Toilet Training
Quilters , produced
by J.J. Sedelmaier Productions Inc. for Quilted Northern Tissue.
Quilters would have
you believe that bathroom tissue is more than trash in the making. Produced by
J.J. Sedelmaier, who adapted the Japanimation-style Speed Racer to sell a new
Volkswagen, it uses a reliable formula to good effect. It draws on the
familiar--in this case, the film How to Make an American Quilt --and
renders it different. Needless to say, success, in such cases, hinges on the ad
maker's ability to manipulate that fine line between the familiar and the
clichéd: It's all in the adaptation.
Released in 1995, How to
Make an American Quilt drew a largely female audience. Some of the film's
leitmotifs--tradition as clarifier and stabilizer, a strong community of
women--resurface in this spot, which promotes Quilted Northern Tissue. The
animation soft, the music folksy, we are introduced to the "Quilted Northern
Quilters," a group of women creating handmade paper. It's an engaging image, if
an unlikely one. And though it isn't clear why the women use knitting needles
to quilt, the explicitly artificial setting makes the sale. Animation, which
lets mice sing and lions be kings, saves the spot from ridiculing its own
message.
It's the first day for the
quilting group's newest entrant, but her integration is seamless, the bonding
instant. The older women in the group--peas in a pod but for a
multi-culti-mandated difference of skin color--are quick to reassure the
novice. "Don't worry, doll," says the black woman. "Just keep quilting."

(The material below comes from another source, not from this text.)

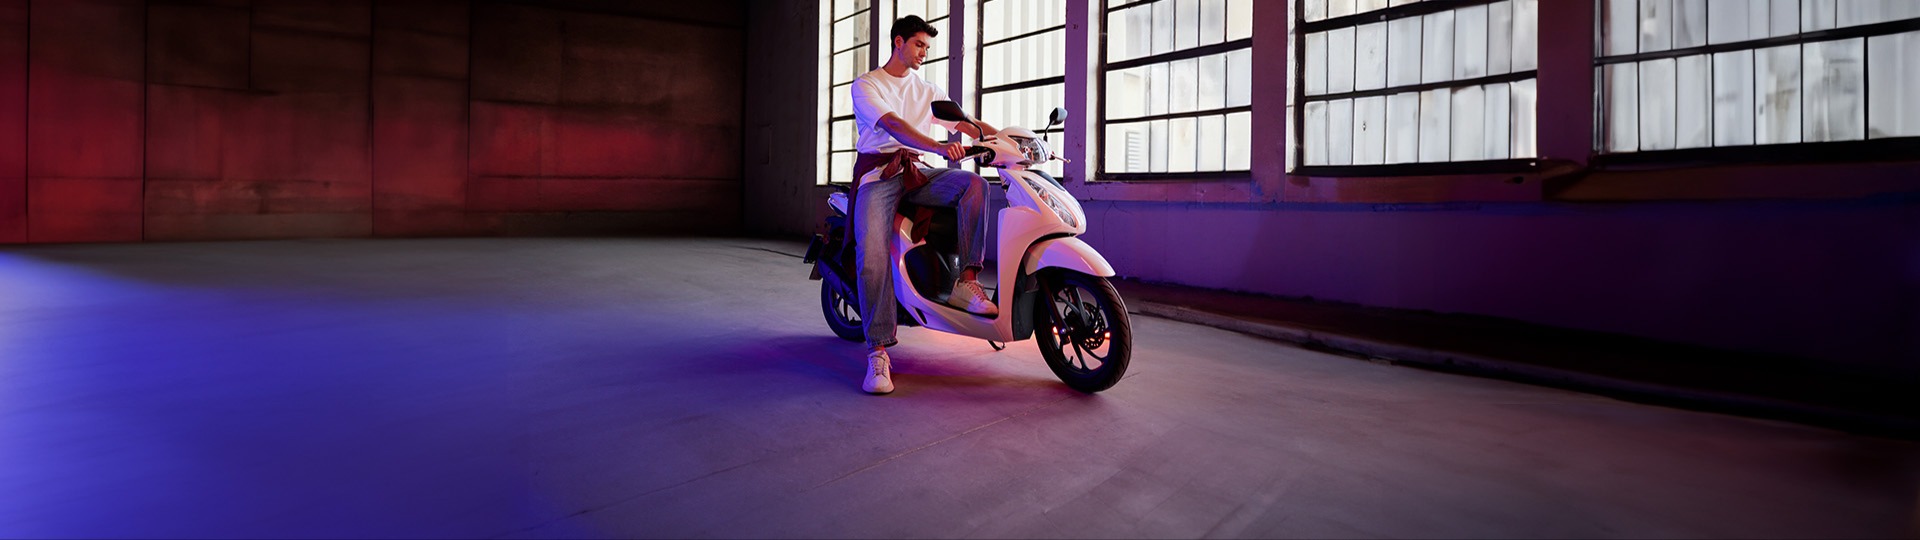  Kıvrak Motor 40.000 TL’ye vade farksız 12 ay taksitle sizin de ilk motosikletiniz Honda Dio olsun.

Because that, adds the white one, is what makes the sheets "so absorbent." Fie
on those of you who think quilted bathroom tissue is all about aesthetics: It's
utility , stupid. Quilters is a model exercise in branding, that
Holy Grail of our times. Be it of dubious value, the extra element--"quilting"
in this case--is designed to convince the consumer that paying more gets them
more. The spot plays to a couple of postindustrial truisms: that proof of human
workmanship qualifies as more; and that more is better. (Your alternative,
Quilters reminds you, the music slowing to an ominous clank, is one of
"those flat-as-a-pancake sheets made down the street.") And it plays to the
germ pathology that sustains the market for anti-bacteriants and
investigative-report segments titled "Does Your Housecleaning Agent
Really Protect Your Infant From the Salmonella That Will Turn His
Insides Into an Oozing Green Swamp? Think Again ." Quilted Northern is
quilted to create "thousands of places for moisture to go," we're told, the
animation now reminiscent of 1950s spots that showed how a pill absorbed
stomach acid. "And all that absorbency leaves you feeling cle-ean."
It's time for the happy
ending: "Nice job, dear." And for the final pitch: the brand name and a gentle
reminder that Quilted Northern is "quilted to absorb." The more effective
because it is so simple, Quilters ends up confirming what the burgeoning
market would deny: Less is, in fact, more.